ABDULLAH M. ALSAIDI (Yemen), speaking for the Organization of the Islamic Conference (OIC), said the OIC expressed condolences for the victims of terrorist acts around the world, including the victims of recent attacks in Bali, Indonesia. They strongly condemned all acts and practices of terrorism and remained convinced that terrorism, irrespective of its motivations, objectives, forms, and manifestations, could never be justified. Terrorism should not be associated with any race, religion or culture. Members of the Organization would continue to cooperate and positively work for the adoption of a draft convention on international terrorism. They said it was important that a clear and universally-agreed definition of terrorism should be arrived at. The group believed there should be differentiation between terrorism and the struggle for self-determination against foreign occupation, in accordance with the United Nations Charter.
He expressed the OIC's concern about the report of the Coordinator on the results of the informal consultations on the draft international convention, held from 25 to 29 July 2005. He said the report was expected to be only a factual summary of the proceedings of the informal consultations; however, it had attempted to produce "consolidated text", which not only omitted the proposal of the OIC group on one of the text's provisions (article 18) but had also renumbered the articles and made certain technical changes. The OIC believed that such a text raised serious issues of mandate and prejudiced the negotiation process, as well as the efforts for the early conclusion of the draft convention. The group also believed that to facilitate the negotiations and the work of the Committee, negotiations on the draft convention should be based on the reports of the Working Group and, particularly, that of the Ad Hoc Committee contained in document A/57/37.
In view of the importance attached to the issue by world leaders in the Outcome Document, the OIC believed that the forthcoming meetings of the Working Group should be conducted in a formal setting. It expected that its next report would consolidate all the proposals on the table.

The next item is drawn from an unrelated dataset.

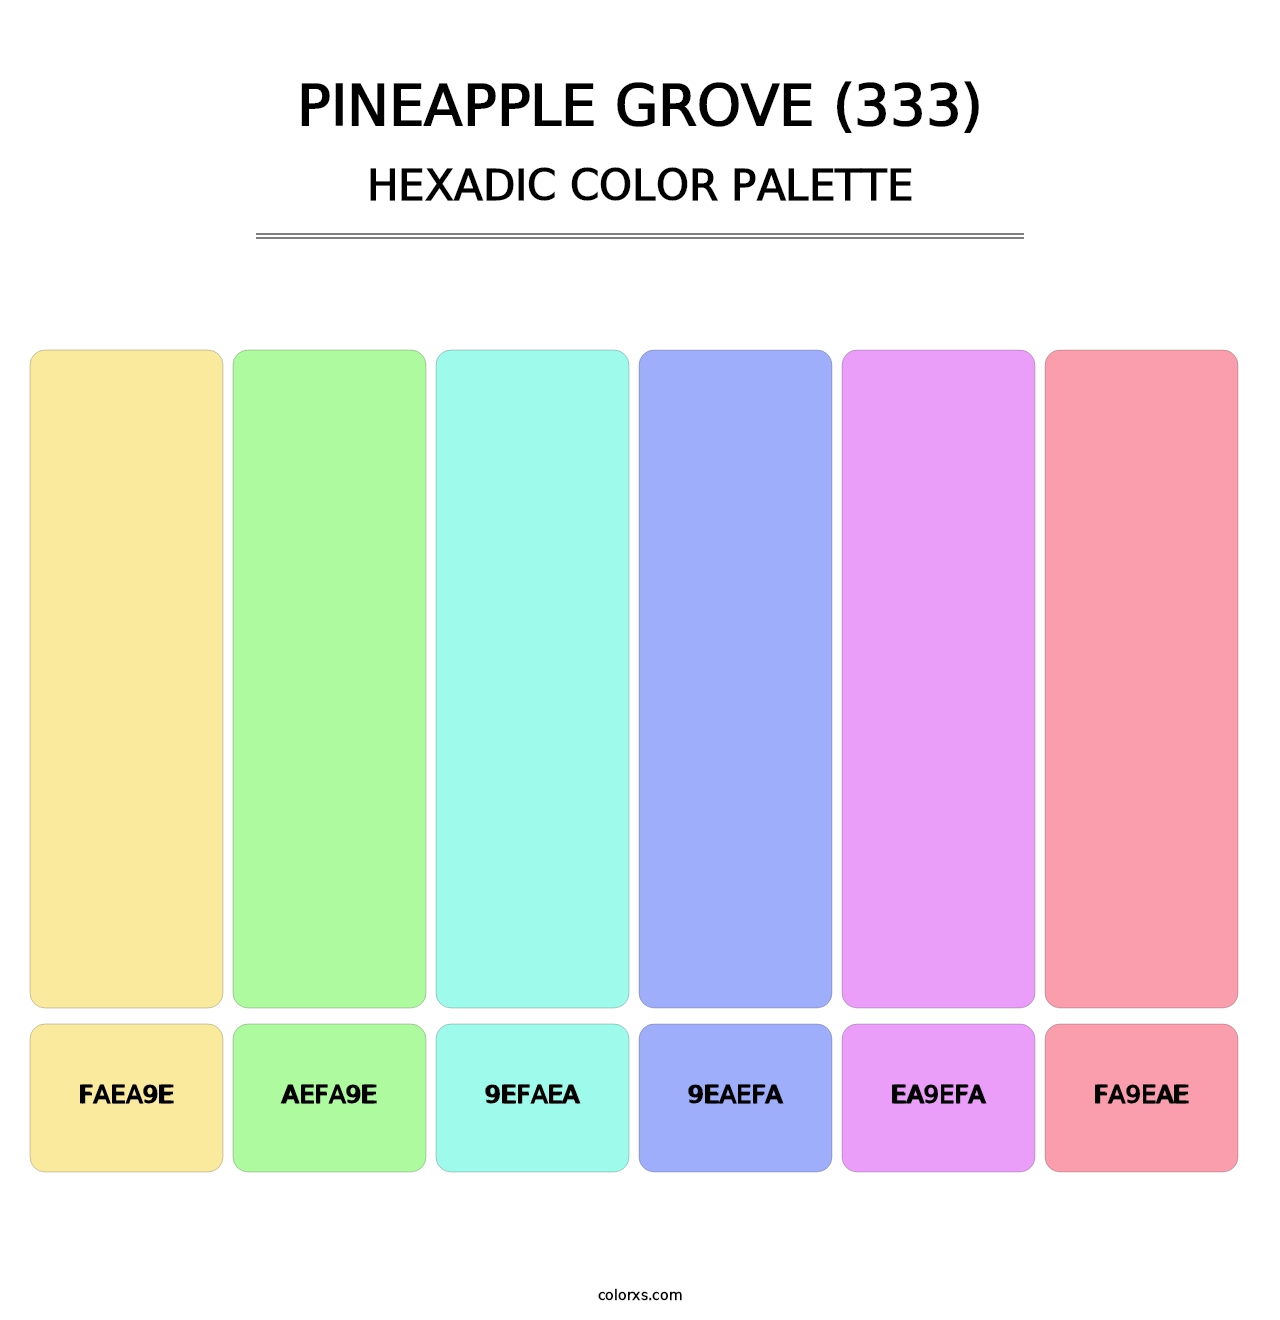 Pineapple Grove (333) - Hexadic Color Palette

SUSANA RIVERO (Uruguay) said her delegation associated itself with the statement made by Argentina on behalf of the Rio Group. Her Government firmly condemned terrorism; at both international and national levels, it had taken action to combat terrorism. It was party to a number of international conventions and protocols against terrorism and had been among those who signed the International Convention for the Suppression of Acts of Nuclear Terrorism last April. Uruguay had submitted four reports to the Security Council Counter-Terrorism Committee as required by the relevant Council resolution. At the regional level, it had also taken measures to combat the scourge in compliance with relevant regional conventions and agreements.
She said her delegation shared the concerns expressed in the recent report of the Secretary-General on terrorism. She commended the efforts of the United Nations Office on Drugs and Crime in helping Member States in their activities against drug trafficking. Her delegation shared the view expressed in the Outcome Document of the World Summit for an early completion of work on the comprehensive international convention on terrorism. She believed they were on the right course, but hard work remained ahead for the completion of the instrument.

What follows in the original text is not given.